▸ **DATA**
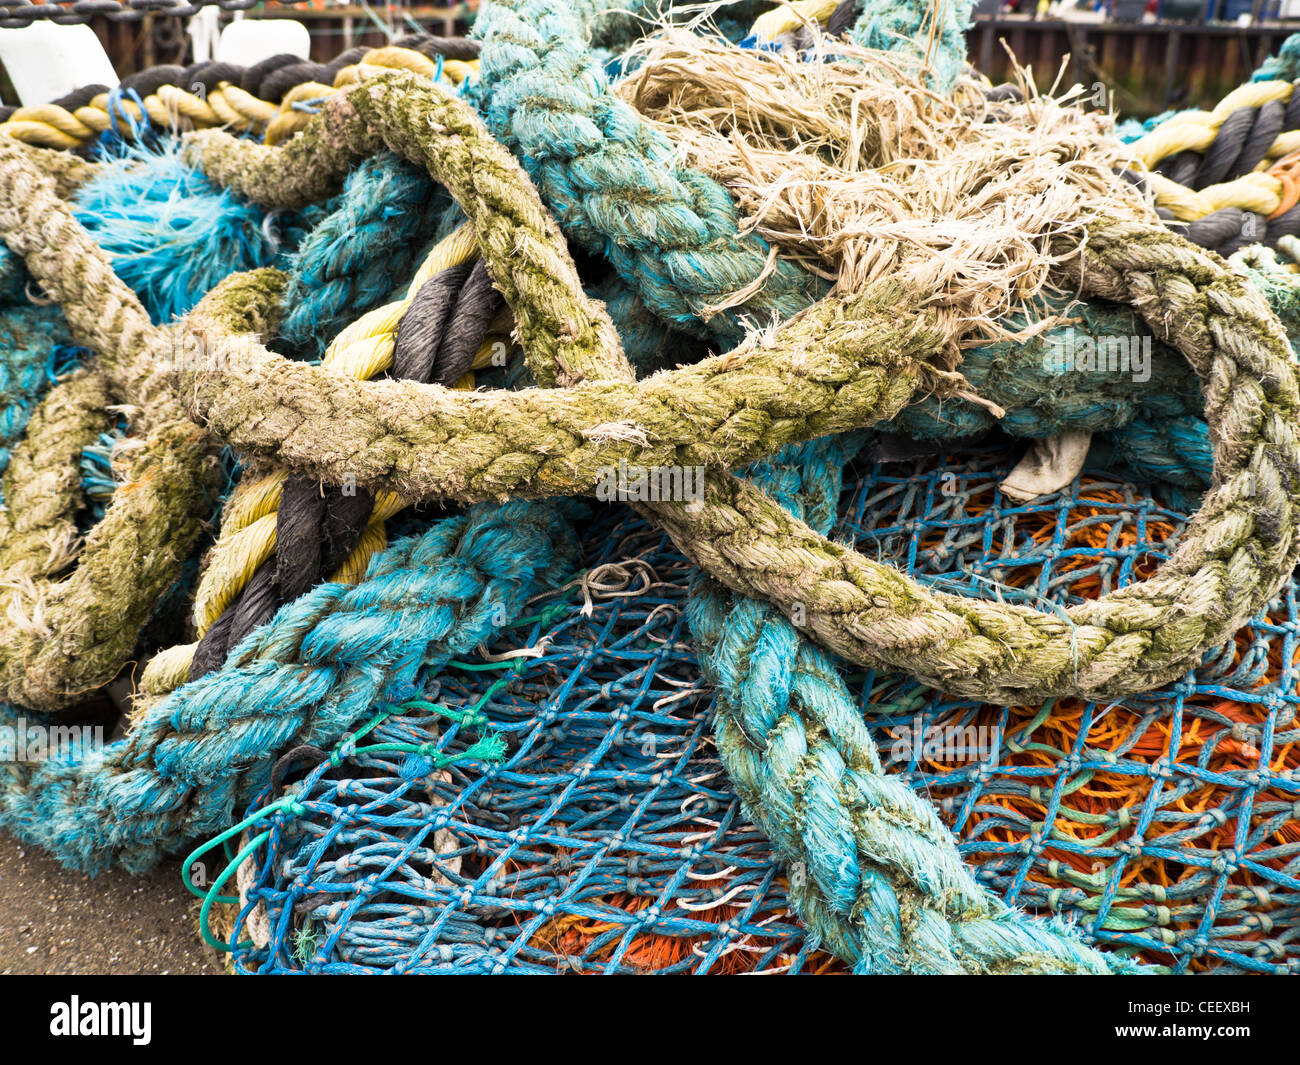 https://c8.alamy.com/comp/CEEXBH/frayed-rope-and-fishing-nets-in-whitstable-harbour-CEEXBH.jpg
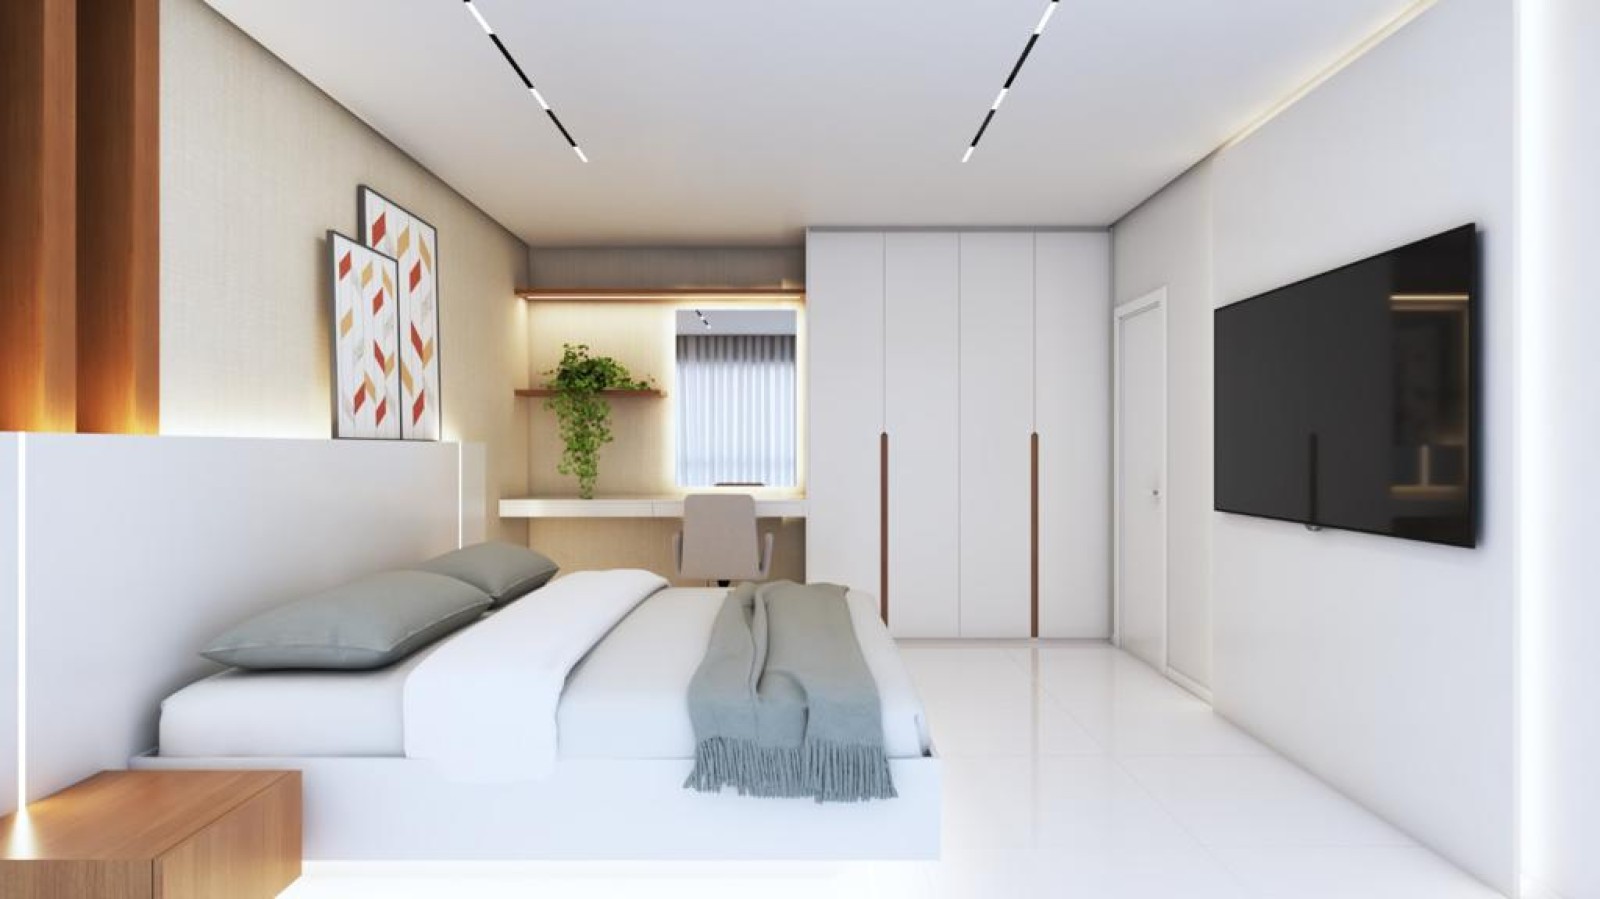 3 Bedroom Luxury House, for sale, in Portimão, Algarve_224940
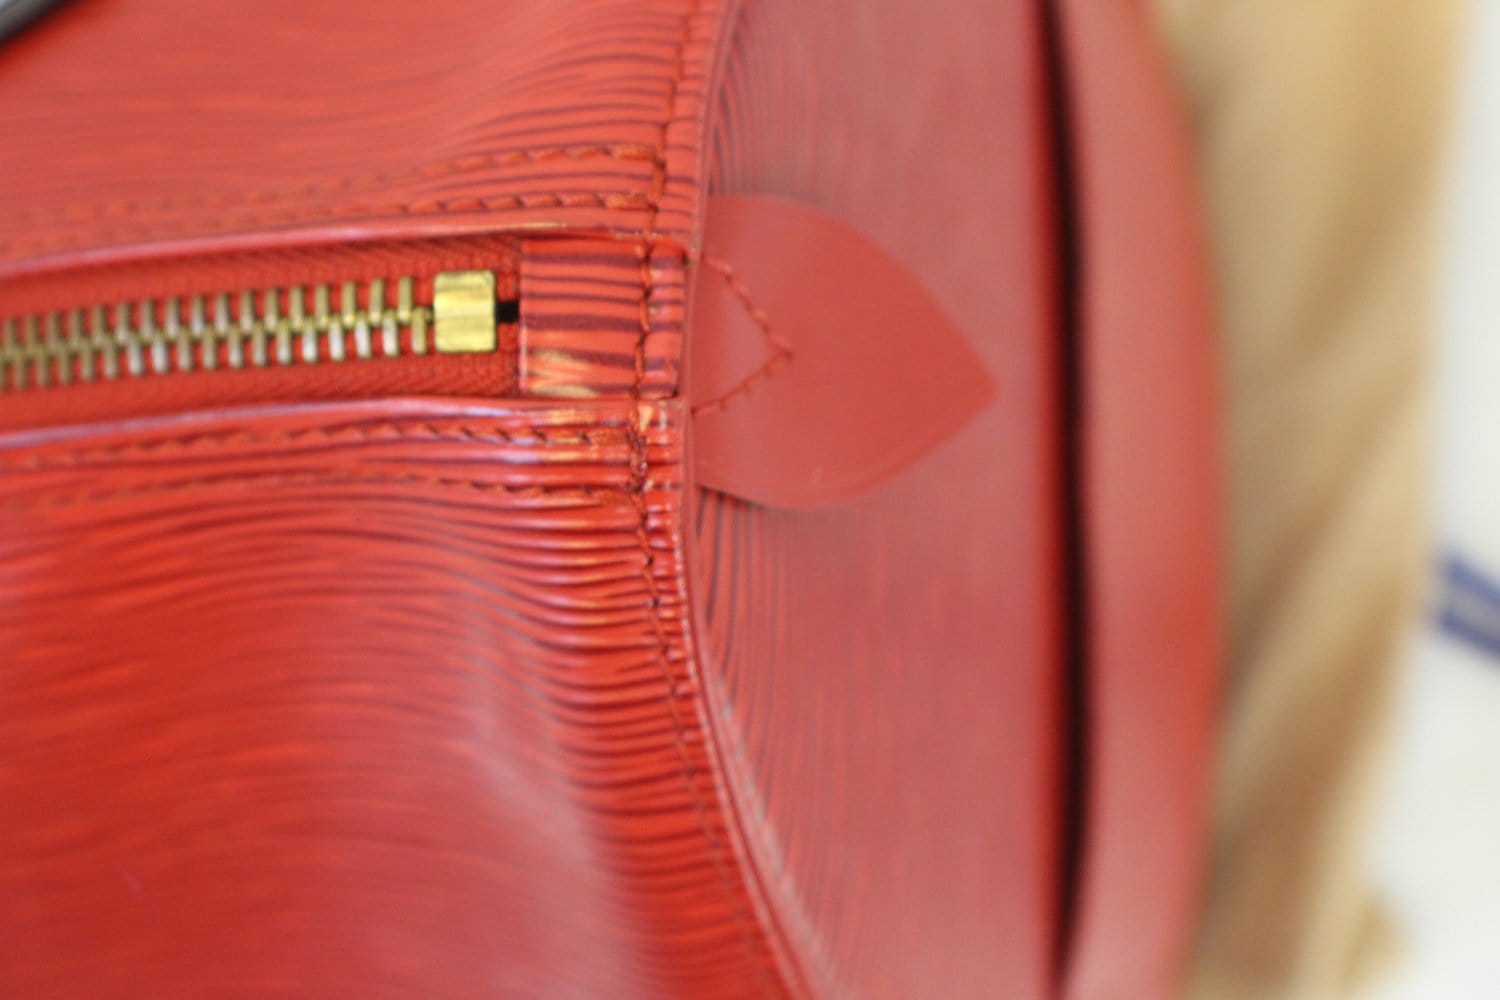 FWRD Renew Louis Vuitton Epi Supreme Keepall 45 Boston Bag in Red
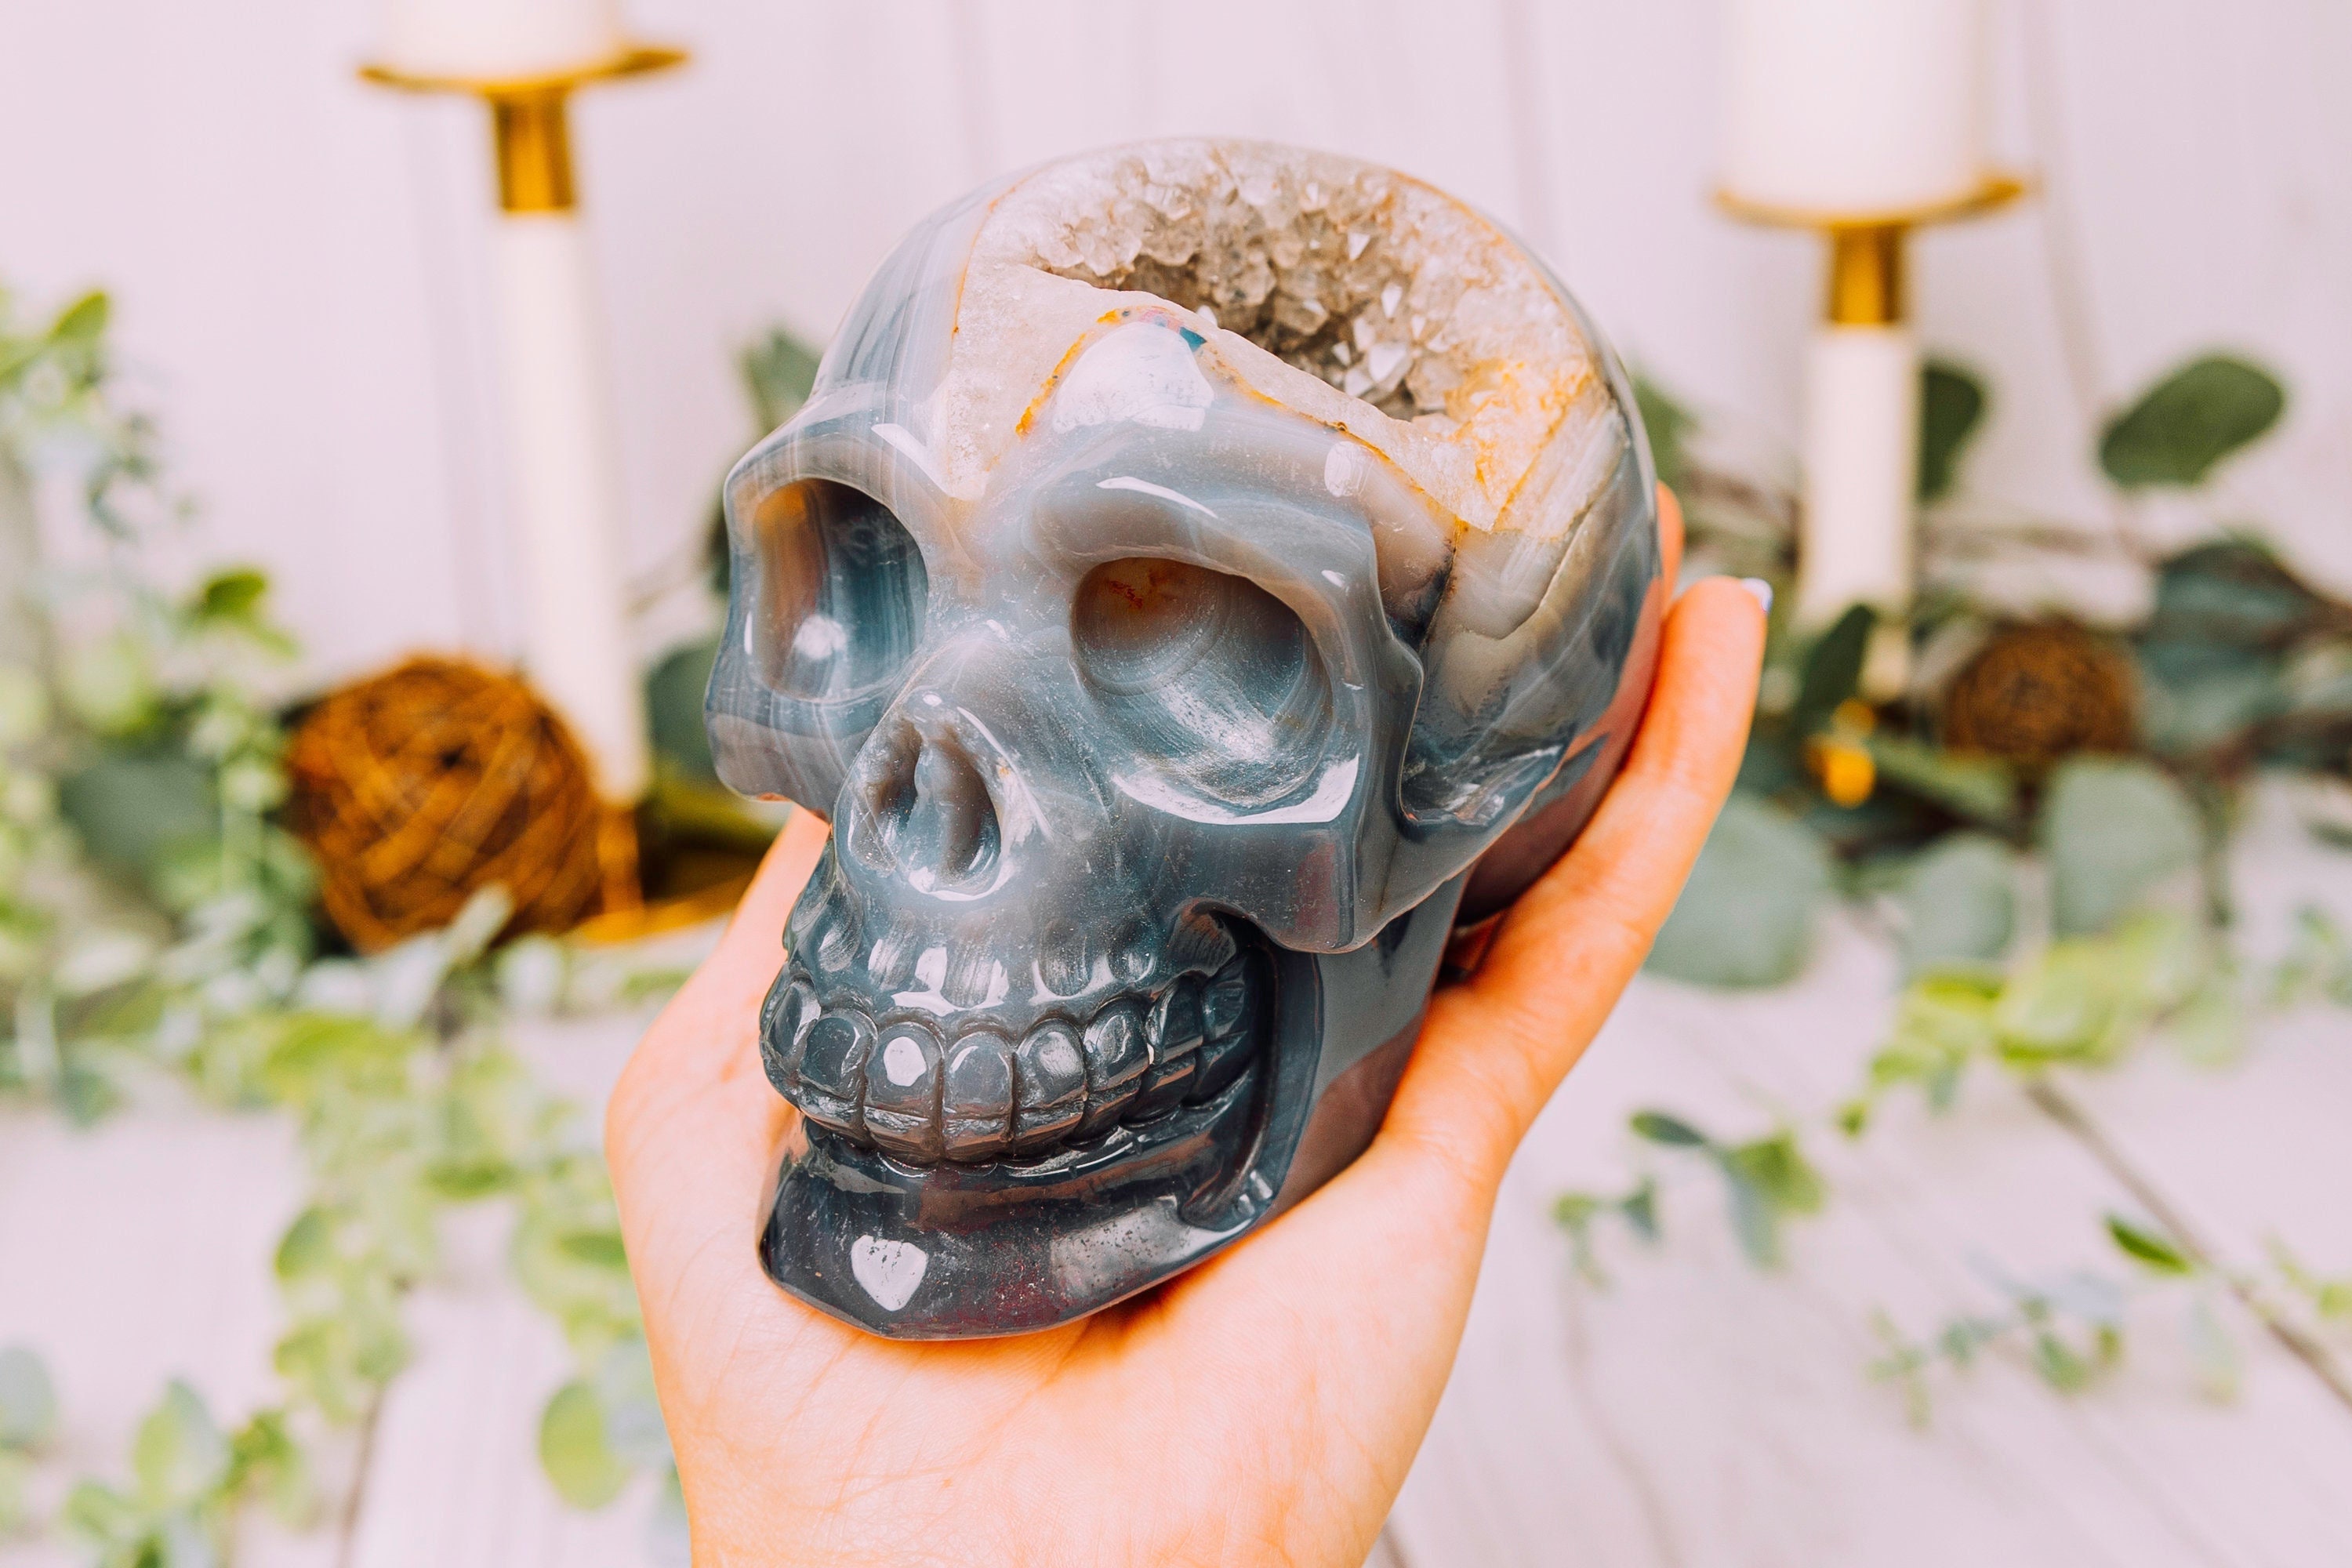 Amazing Clear Huge 5.1 Quartz Rock Crystal Carved Crystal Skull Coffee  Mug, Cup, 6.3 OZ Crystal Healing

▸ **YOUR OBJECTIVE**
Copy out exactly the lines from the one with "FWRD Renew Louis" through the end of the listing, both ends included, omitting any picture.

▸ **OUTPUT BELOW**
 FWRD Renew Louis Vuitton Epi Supreme Keepall 45 Boston Bag in Red
 Amazing Clear Huge 5.1 Quartz Rock Crystal Carved Crystal Skull Coffee  Mug, Cup, 6.3 OZ Crystal Healing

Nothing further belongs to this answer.